小说: 2025-09-11 22:00 5hhhhh 7050 ℃

01

克哉坐上去札幌的航班时,没有料到等在前方的将是一场猝不及防的重逢。

***

“一杯威士忌,加冰。”

克哉拉开吧台的高脚凳。这间位于酒店顶楼的酒吧此刻空荡荡的,除了他以外没有第二个客人。

“好的,请稍等。”

酒保优雅地拿出一个玻璃杯,冰块撞在杯壁上发出几声脆响。克哉漫不经心地扫了一眼窗外——尽管光线十分昏暗,仍能看出外面的漆黑夜色中一片狂风暴雪。

这不是他第一次来札幌,但确实是第一次碰上这么极端的天气。在飞来的航班上他就注意到天色异常阴沉,果然落地后不久就忽然大雪纷飞。还好没被困在途中,否则明天的商谈多半凶多吉少。

想到这里,克哉拿出手机给明天约见的客户发了封邮件,确认自己的行程未被天气耽搁,会谈可以如期进行。

发完消息放下手机,他的酒也来了。克哉端起杯子抿了一口,威士忌的独特气味瞬间盈满口腔。他品了品那余味,刚要喝第二口,身后忽然传来一个声音:

“老板,今天有什么葡萄酒?”

还没等大脑反应,心脏就先重重跳了一下。

这个声音……虽然已经有七年没听过,但那低沉清冷、又带点色气的声线……绝对不可能认错。

麻痹感像电流一样从握着酒杯的指尖开始扩散,沿着皮肤一路爬上后背。他慢慢放下杯子,僵着脖子缓缓回头,只见几步之外站着一位新来的客人。那人不算年轻,穿着剪裁合体的高级休闲西装,相貌英俊非凡,紫色瞳孔里流转着沉静的光芒。

是御堂。

时隔七年,自从解放御堂、离开那间公寓后,这是克哉第一次见到他。如今他挺拔地站在那里,气度凛冽,眉眼间依旧带着与初见时如出一辙的英气。

克哉忽然就一个字都说不出来了。

御堂的目光落在克哉身上,微微一怔。复杂的情绪在他脸上一闪而过,但他很快就恢复了镇定。

“……佐伯?”他轻声问,“你怎么会在这?”

“御……”克哉咳了一下才找回声音,“御堂,你又怎么会在这?”

御堂抿了抿唇,半晌没有动静。有那么一阵子,克哉几乎以为他会转身离开;但那紧绷的肩膀最终还是松了下来。御堂微不可闻地叹了口气,几步走到吧台前,拉开他身边的高脚凳坐下。

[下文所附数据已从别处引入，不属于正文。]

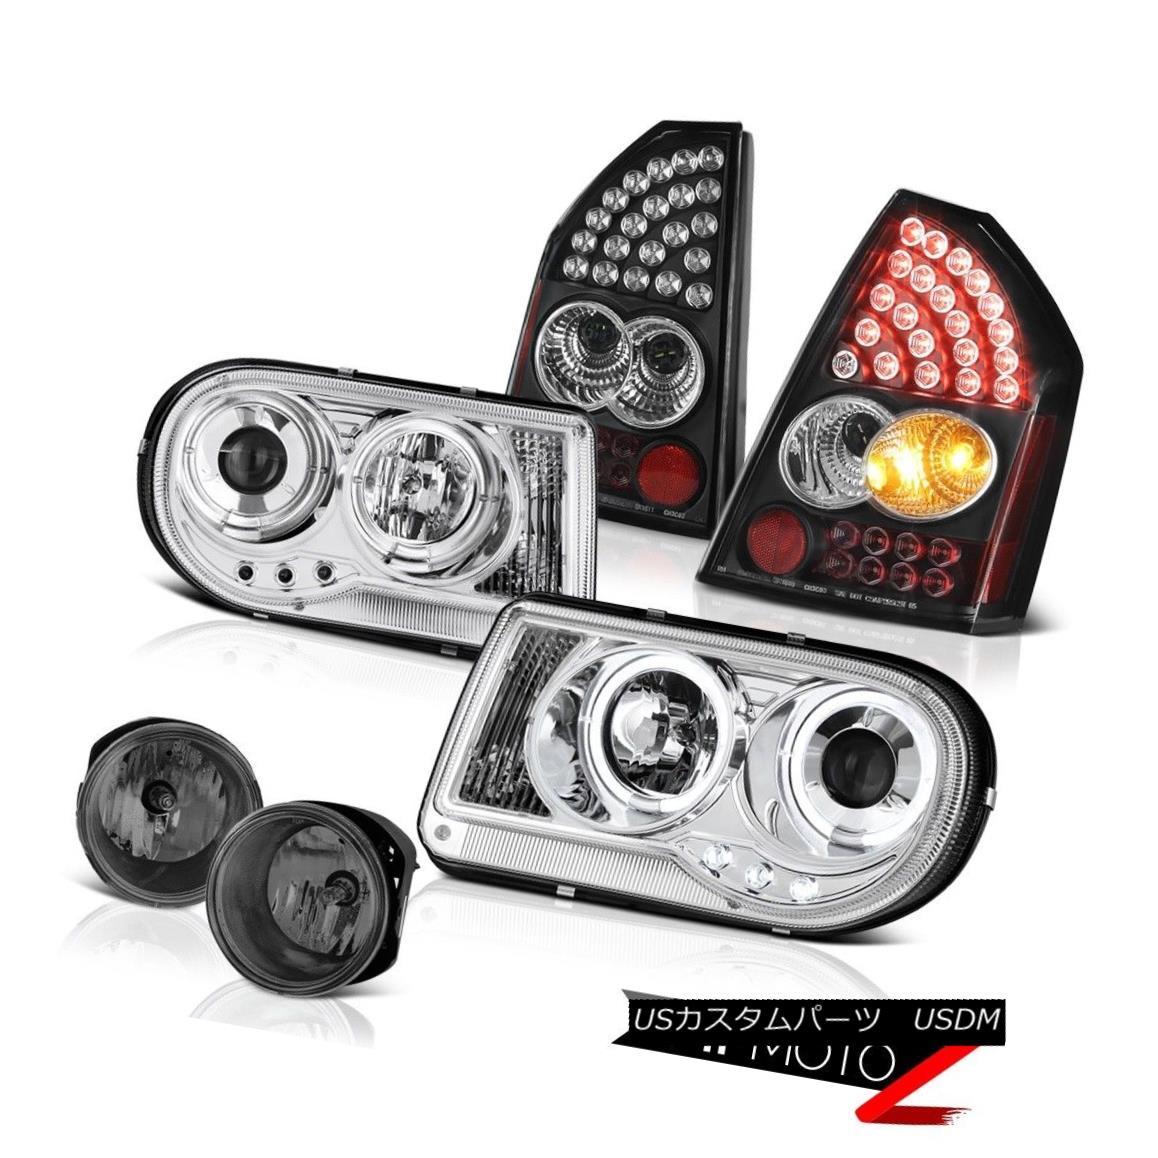 テールライト Euro Halo LED Headlights Brake Tail Lights Tinted Fog 2005-2007 Chrysler 300C ユーロHalo LEDヘッドライトブレーキテールライトティンドドフォグ2005-2007クライスラー300C

那距离有一点太近了。克哉换了个姿势,不动声色地让出一点空间。

御堂假装没看见他的动作:“我刚从国外出差回来,顺道来北海道休个假。你也是?”

“没有,来出差,下午刚到。”

御堂点点头,凉凉的视线扫过他手里的玻璃杯,又回到克哉脸上:

“你还在喝这种没品位的东西啊。这么多年也没个长进。”

克哉凝视着他的脸。他曾经无数次设想过重逢时的场景,想象御堂会怎样对待他、跟他说什么。他想御堂也许会厌恶,也许会憎恨,也许会若无其事地装不认识。但他从未料到会听到这样一句带着戏谑的调侃。

他们从未如此亲近过。如今多年未见,这句毫无芥蒂的打趣又是从何而来?

大概是读懂了他的表情,御堂微微弯起眼角,被时光雕刻过的轮廓变得柔和起来。他弯起手指轻轻敲了敲台面,用带着点笑音的声线说:

“别介意,我只是开个玩笑,想让你收起那副戒备的神情。佐伯,你不用那么紧张,我不会对你怎么样的。”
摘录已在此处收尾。